(WORK REQUIRED) The reply must repeat the listing below exactly and carry none of its pictures.

(DATA SECTION)

-*-*-

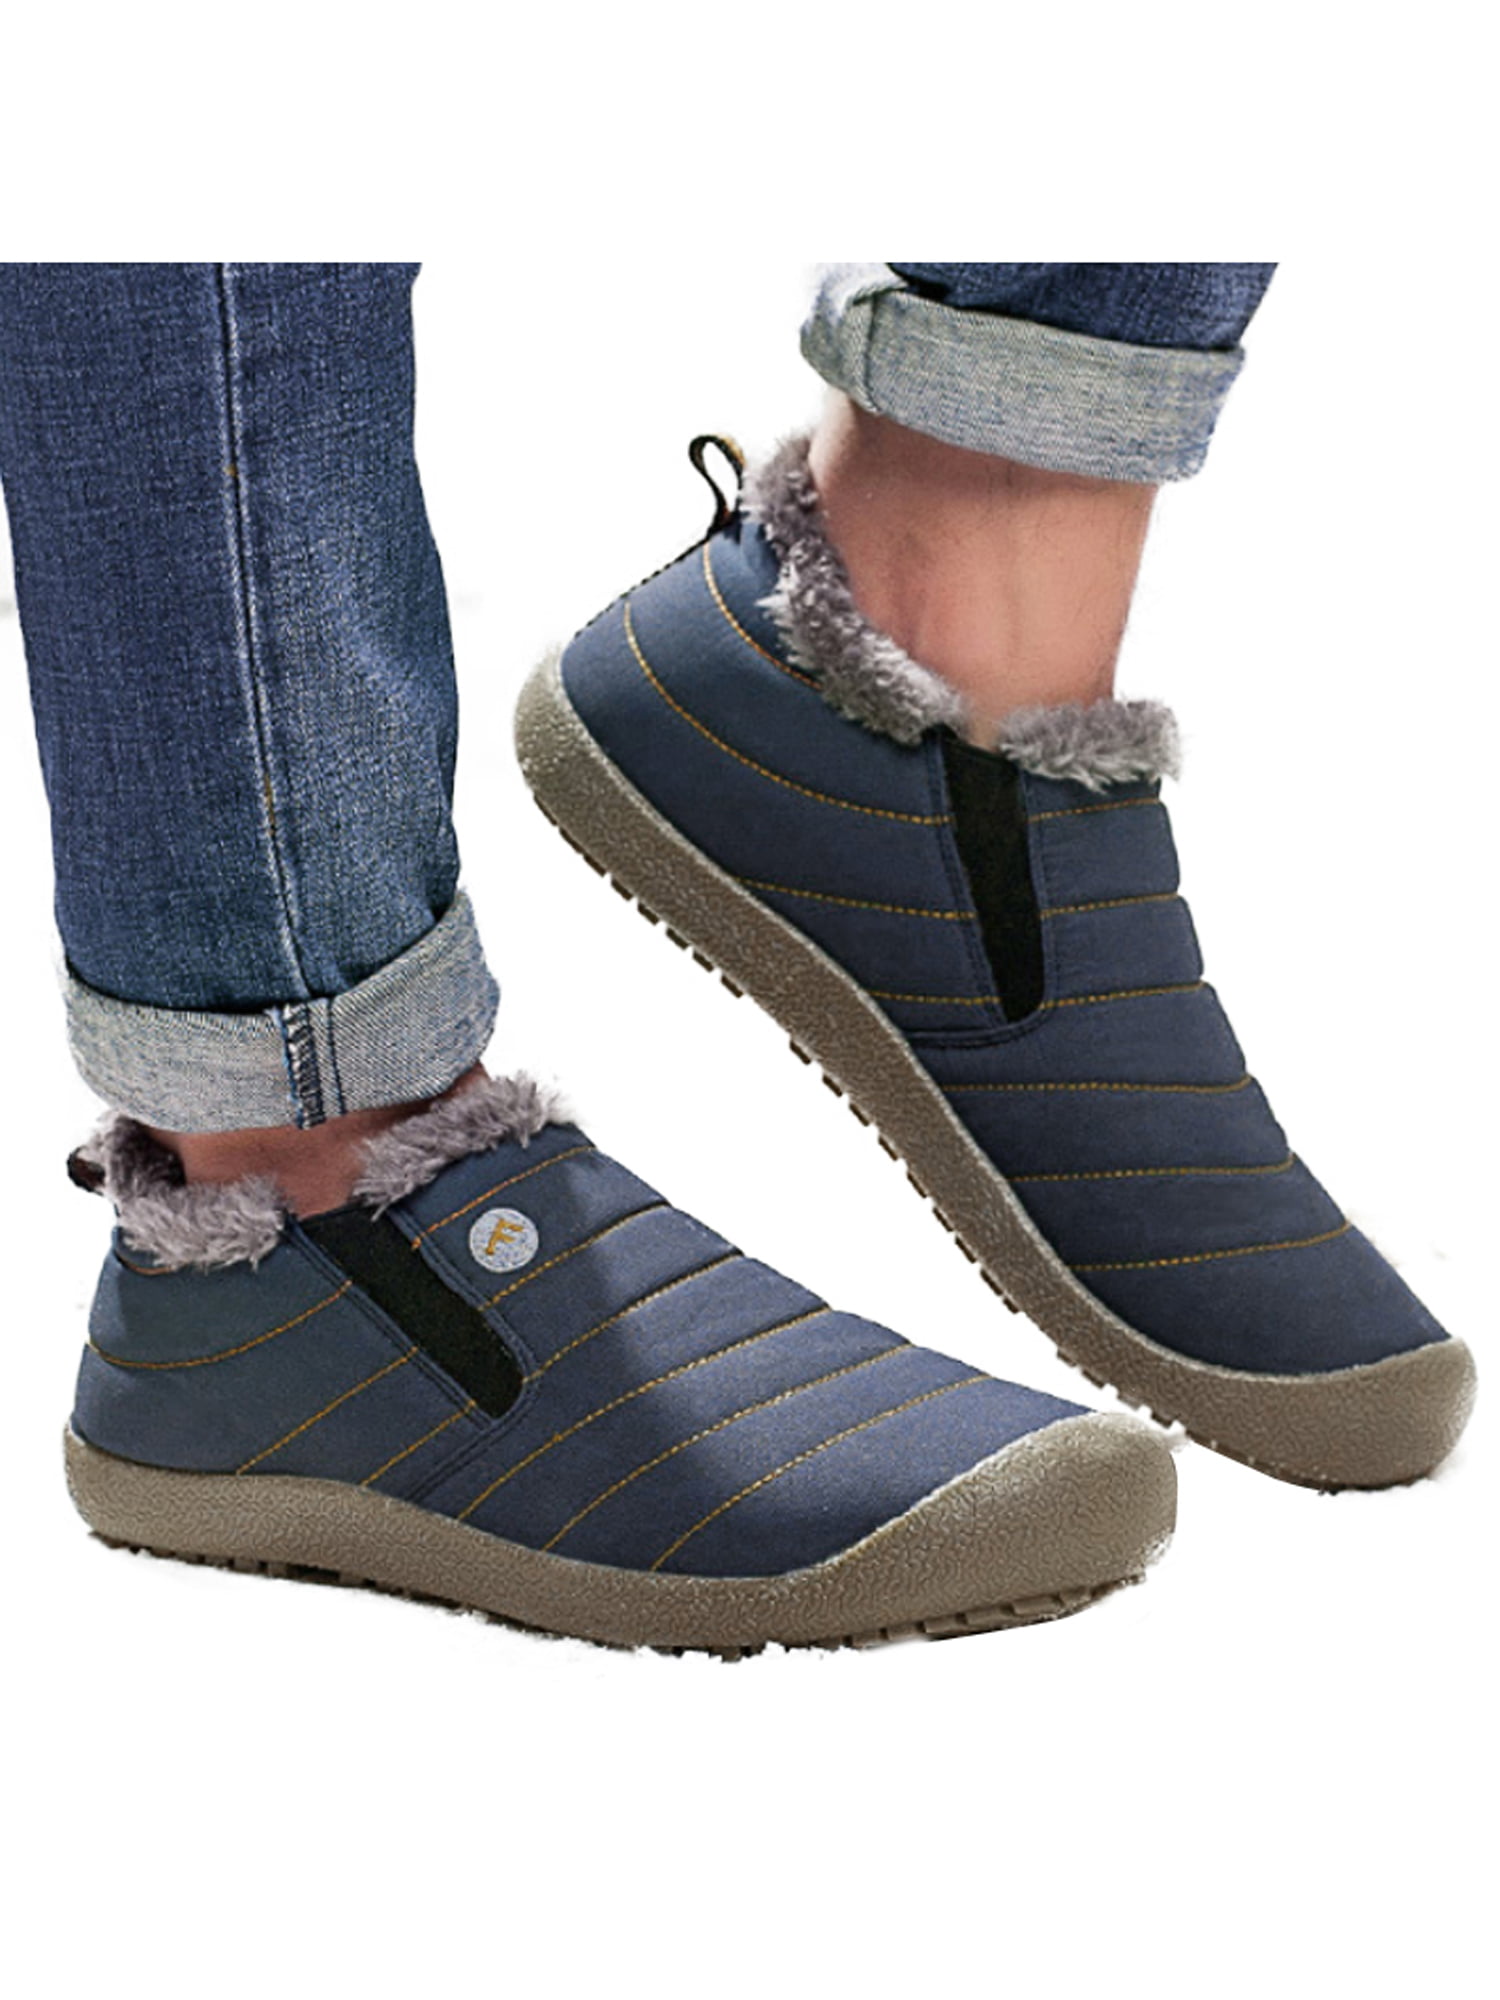 CHENJUAN Shoes Mens Fashionable Snow Boots Casual Comfortable Convenient Winter Faux Fleece Inside Home Shoes
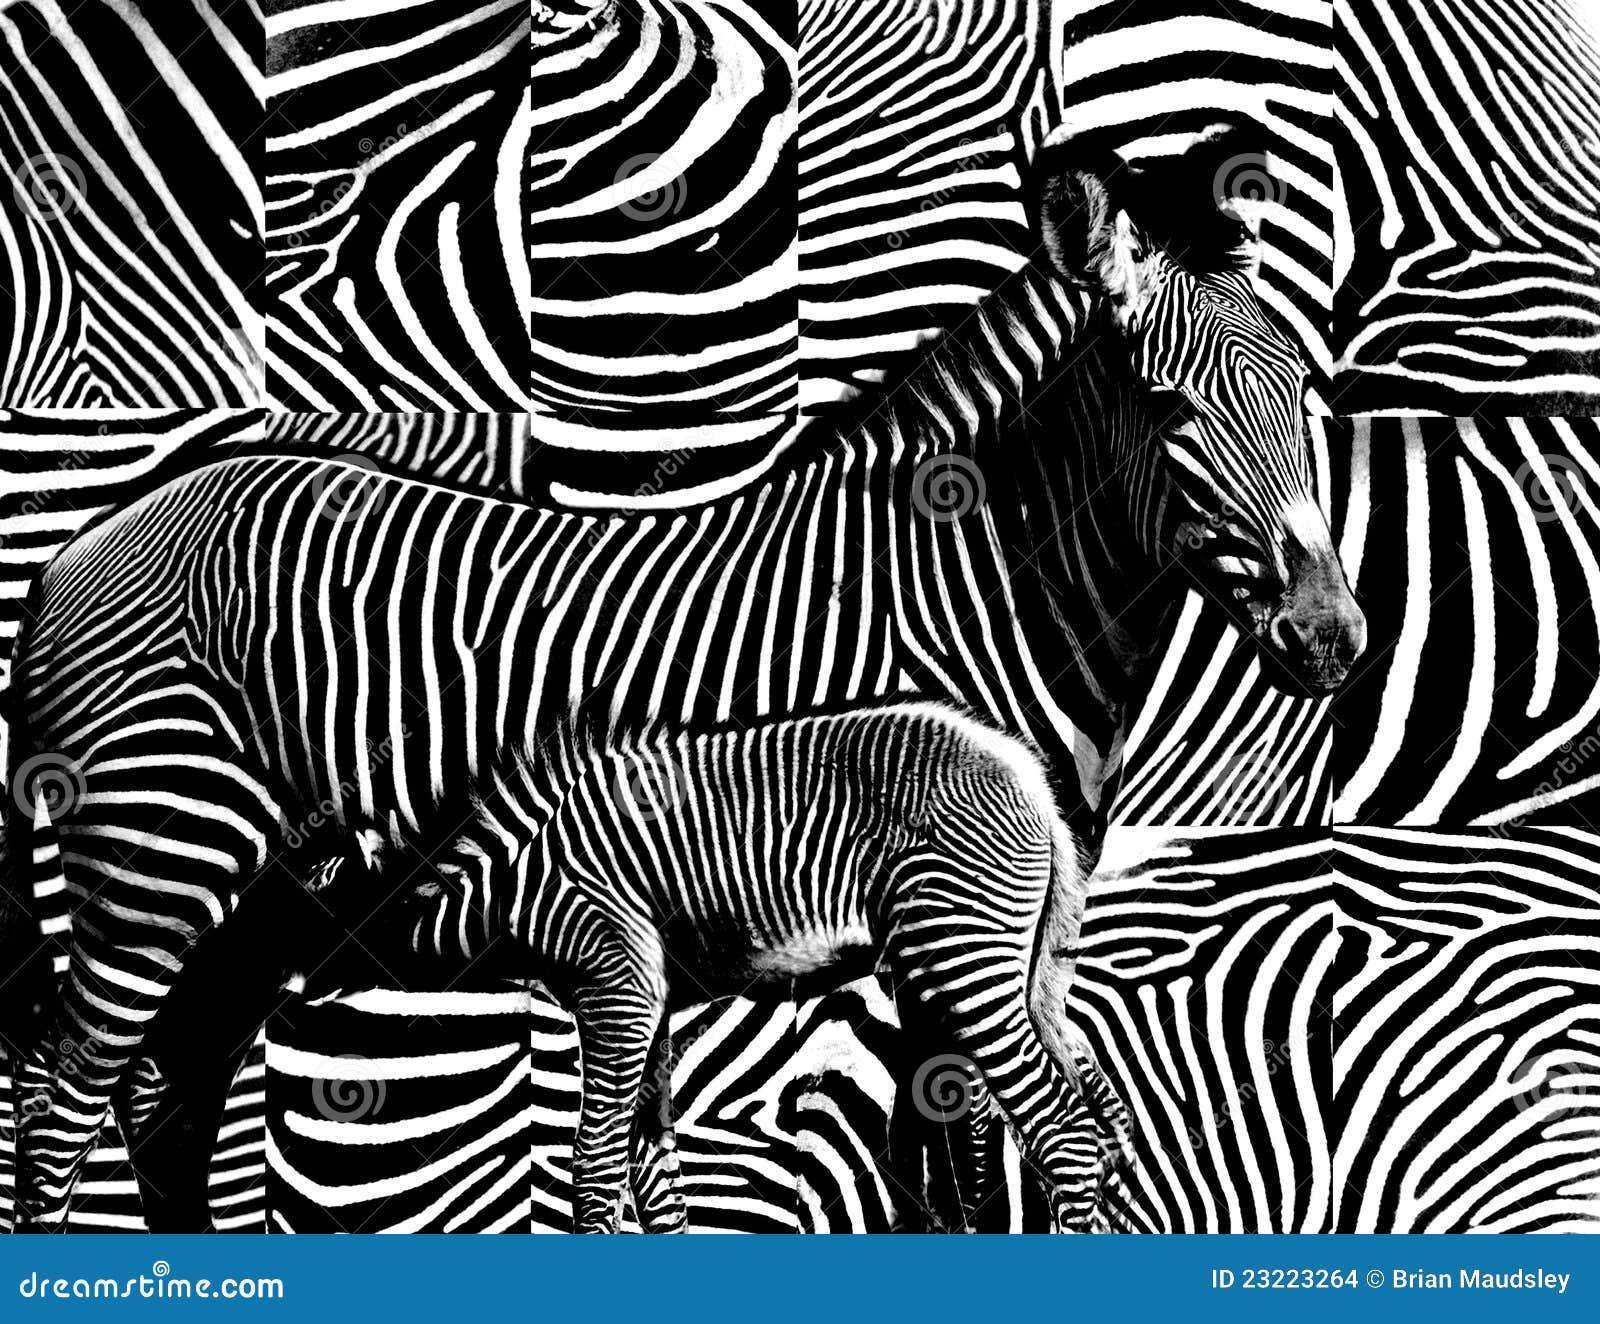 zebra skin pattern.
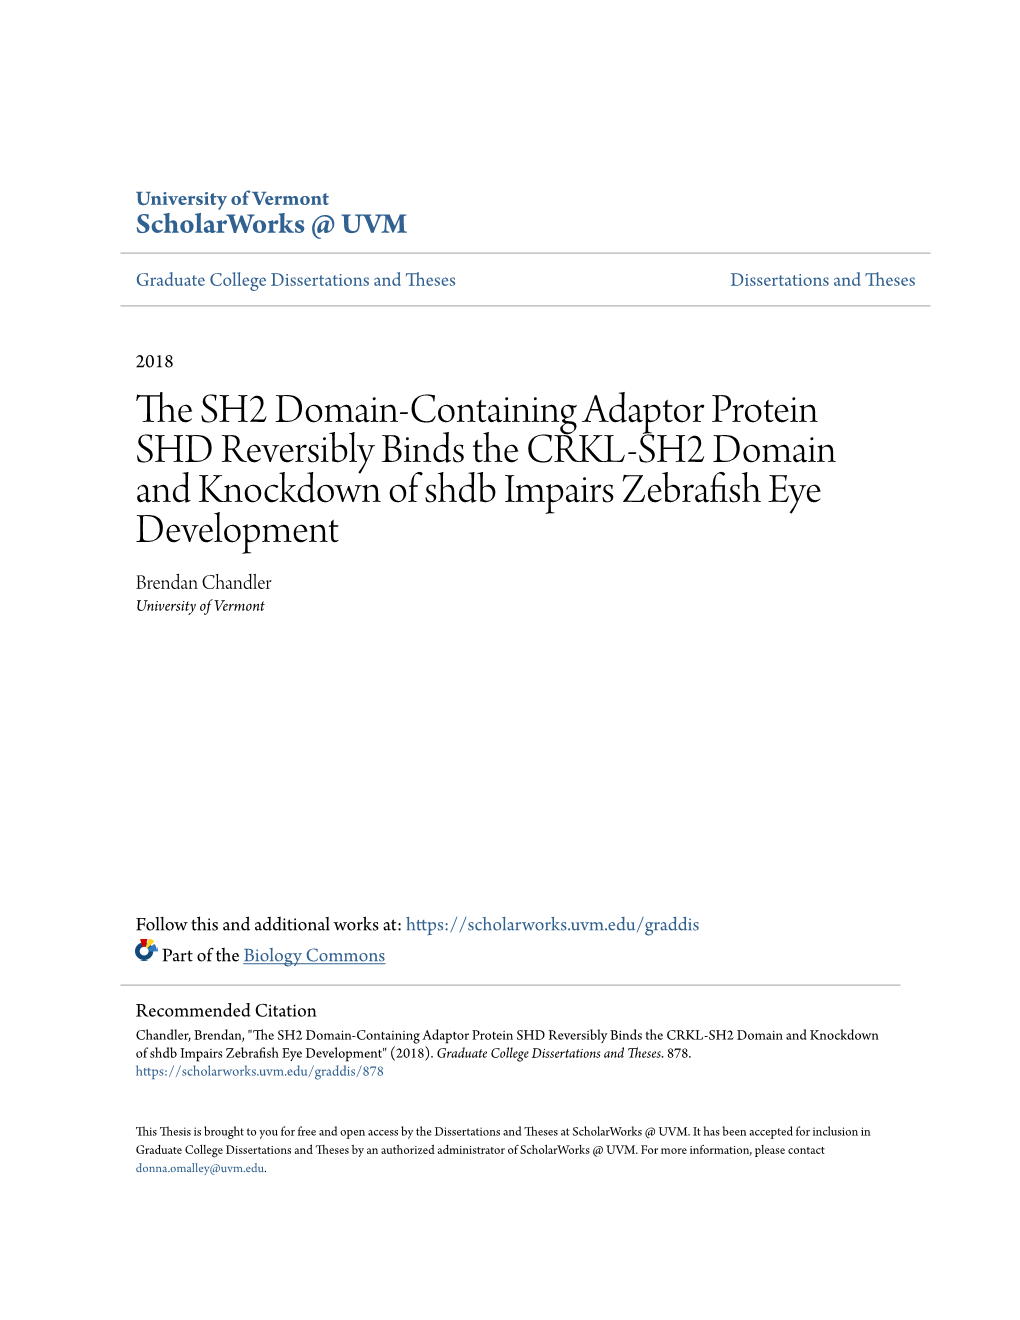 The Sh2 Domain-Containing Adaptor Protein Shd Reversibly Binds the Crkl-Sh2 Domain and Knockdown of Shdb Impairs Zebrafish Eye Development

-*-*-

(OUTPUT FOR THIS TASK)
 CHENJUAN Shoes Mens Fashionable Snow Boots Casual Comfortable Convenient Winter Faux Fleece Inside Home Shoes
 zebra skin pattern.
 The Sh2 Domain-Containing Adaptor Protein Shd Reversibly Binds the Crkl-Sh2 Domain and Knockdown of Shdb Impairs Zebrafish Eye Development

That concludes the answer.